Our recent CLL Global Research Foundation Town Hall featured CLL Global President, Dr. William Wierda, and Dr. Constantine Tam from Monash University in Melbourne. CLL patient advocate Jeff Folloder moderated the event. Watch the full webinar.

Transcript

Jeff Folloder:                          

Stephanie has a question that’s near and dear to my heart. When a CLL patient is first diagnosed, most of us are put into a program that the medical community calls watch and wait. The patients call it, watch and worry. Myself, I’m in my second pass with watch and wait. Stephanie wants to know, are there new approaches to watch and wait? Dr. Wierda, what do you think?

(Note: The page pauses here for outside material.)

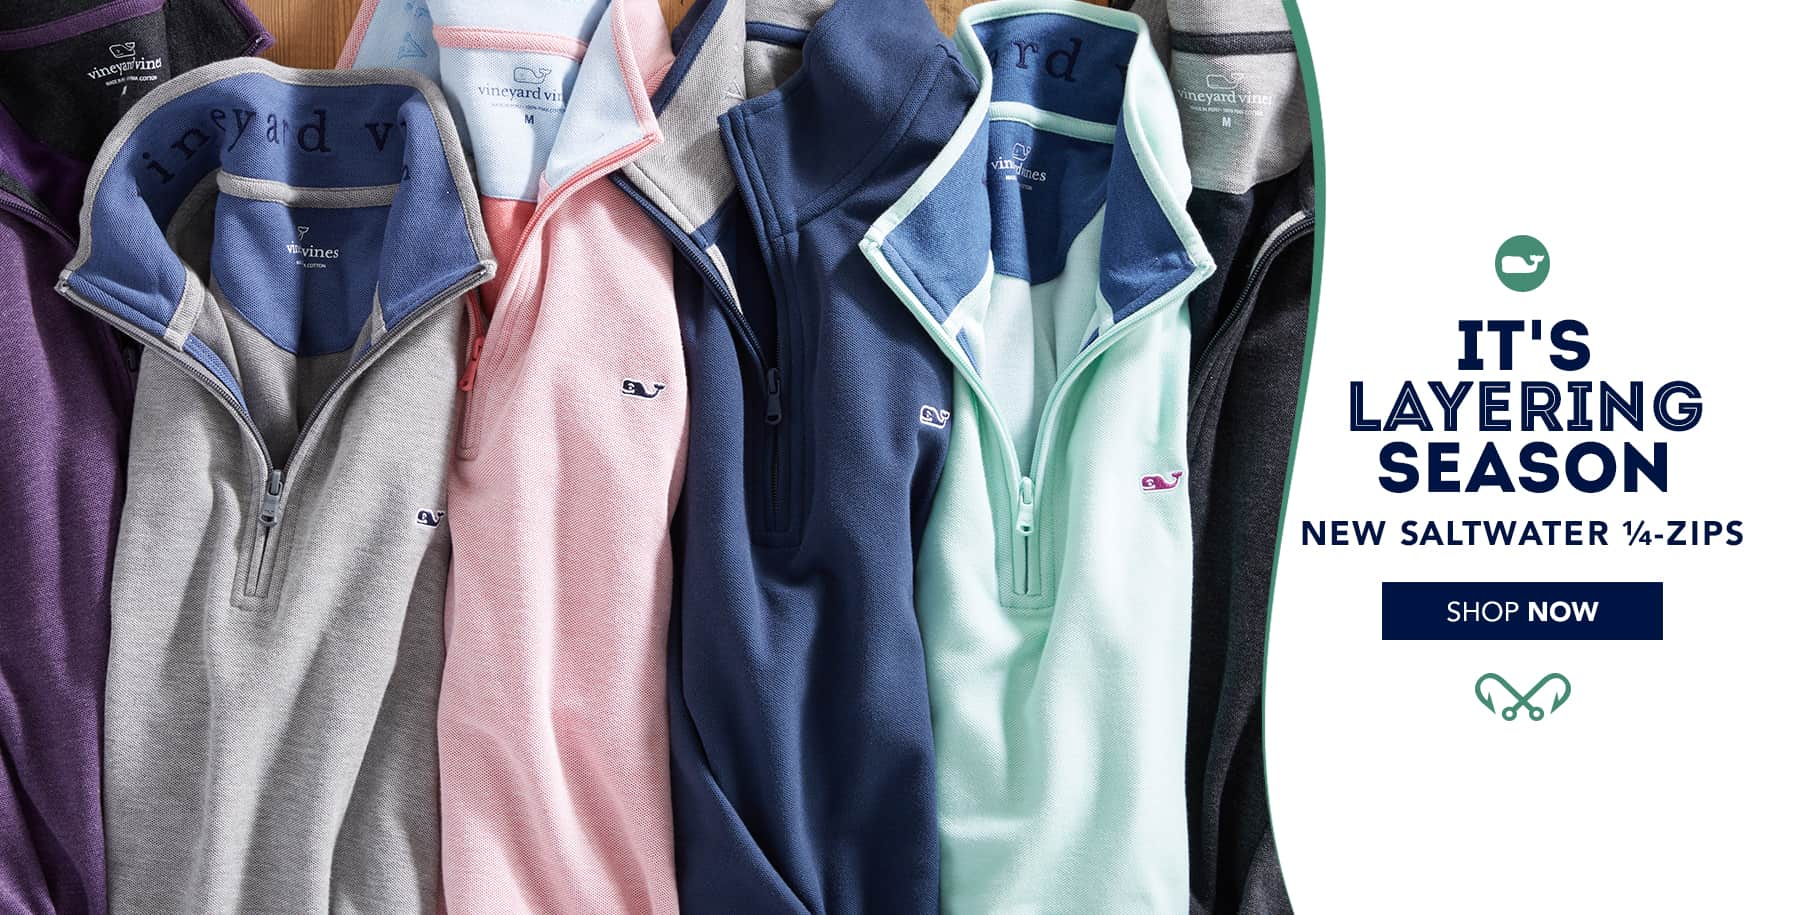 It's layering season. New Saltwater 1/4-Zips for Men. Shop now.

Dr. William Wierda:               

Well, no, there’s not new approaches to watch and wait necessarily. Watch and wait continues to be watch and wait. And we haven’t changed the iwCLL criteria for when to start treatment. We have a lot of new exciting agents that are very effective. I think that tends to make people want to move forward potentially earlier with starting treatment, but there’s no recommendation that’s come from anybody.

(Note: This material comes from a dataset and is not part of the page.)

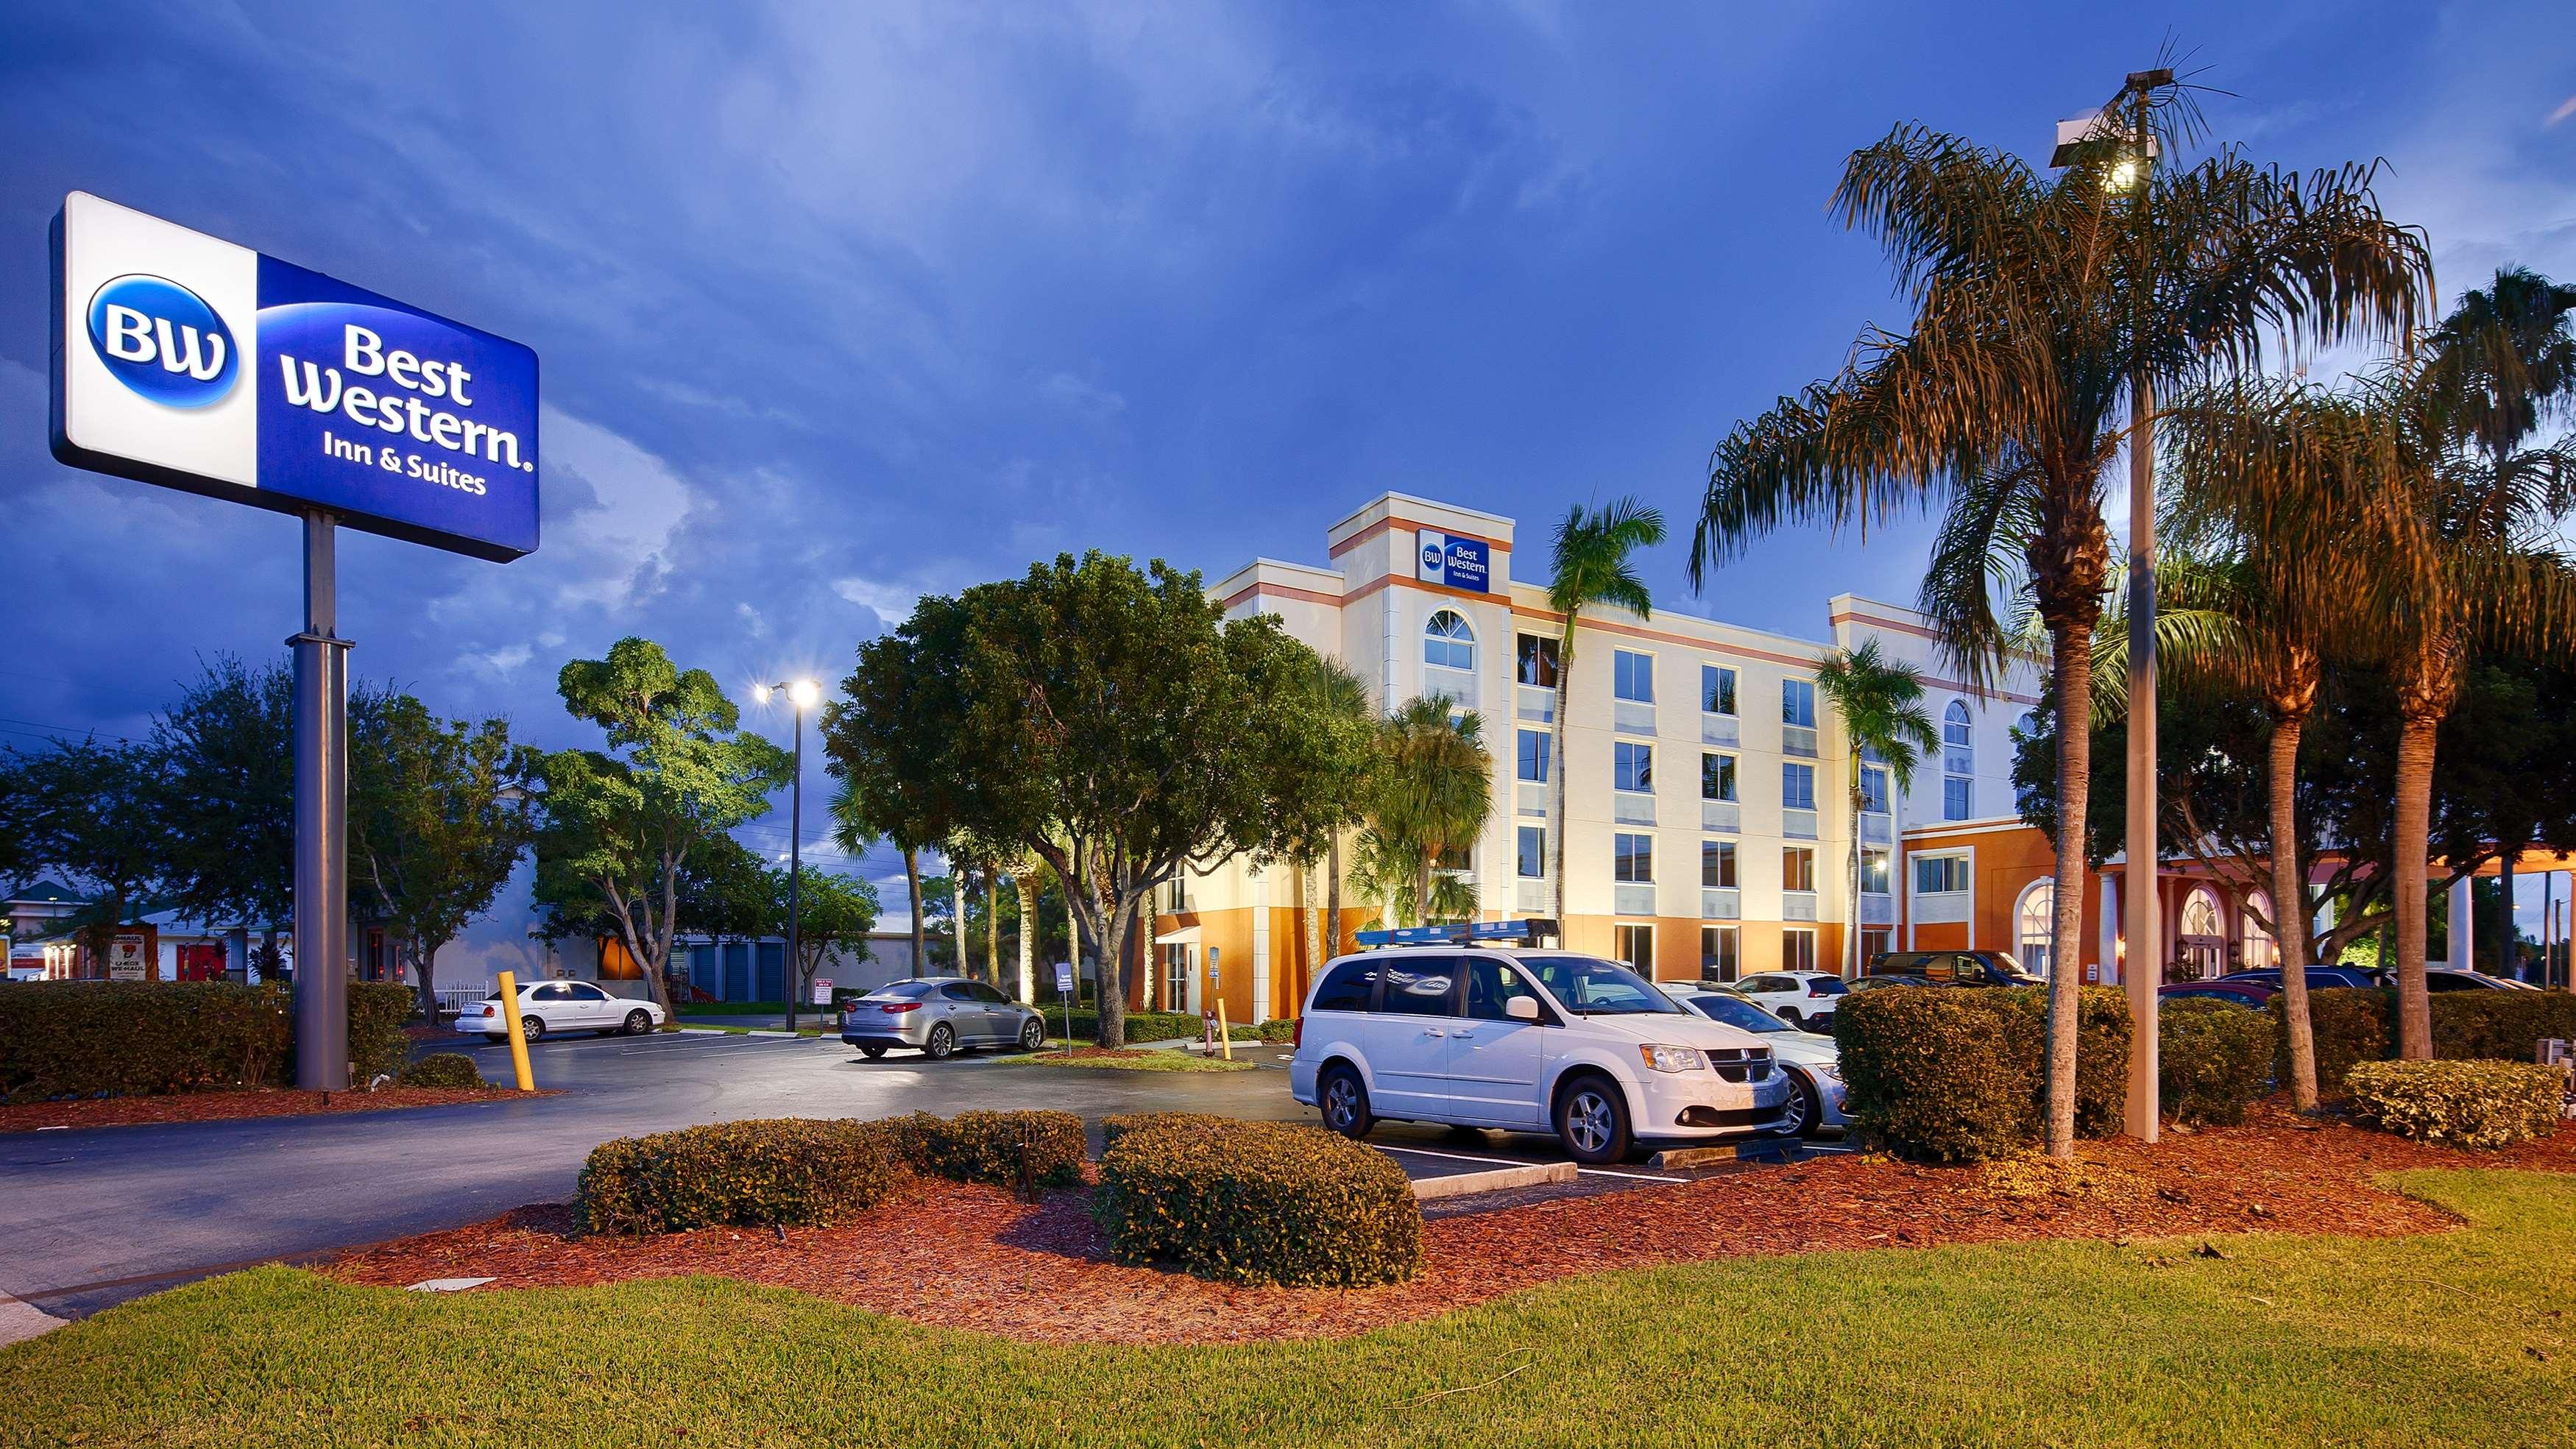 Best Western Fort Myers Inn & Suites image 0

And I think the CLL community, and leadership in our community particularly, are still persistent with we need to treat when patients need treatment. There isn’t really any clinical benefit that we know of so far with early treatment. And so, for patients who don’t have active CLL, they’re better off being observed and monitored, and treatment be initiated when their disease is active, and when our aim is to get rid of the disease and get the patient in remission.

That’s always been a difficult conversation. It’s a little bit easier today, because our treatments are evolving very quickly. And we have new treatments, and new clinical trials, and research that’s ongoing. And so, my opinion is if you wait a year, you may have something better, some better treatment opportunity, in a year than you do today. We got great things today, but if you don’t really need it, you’re probably better off sitting tight, being patient, and waiting until you truly need treatment, and starting treatment at that time.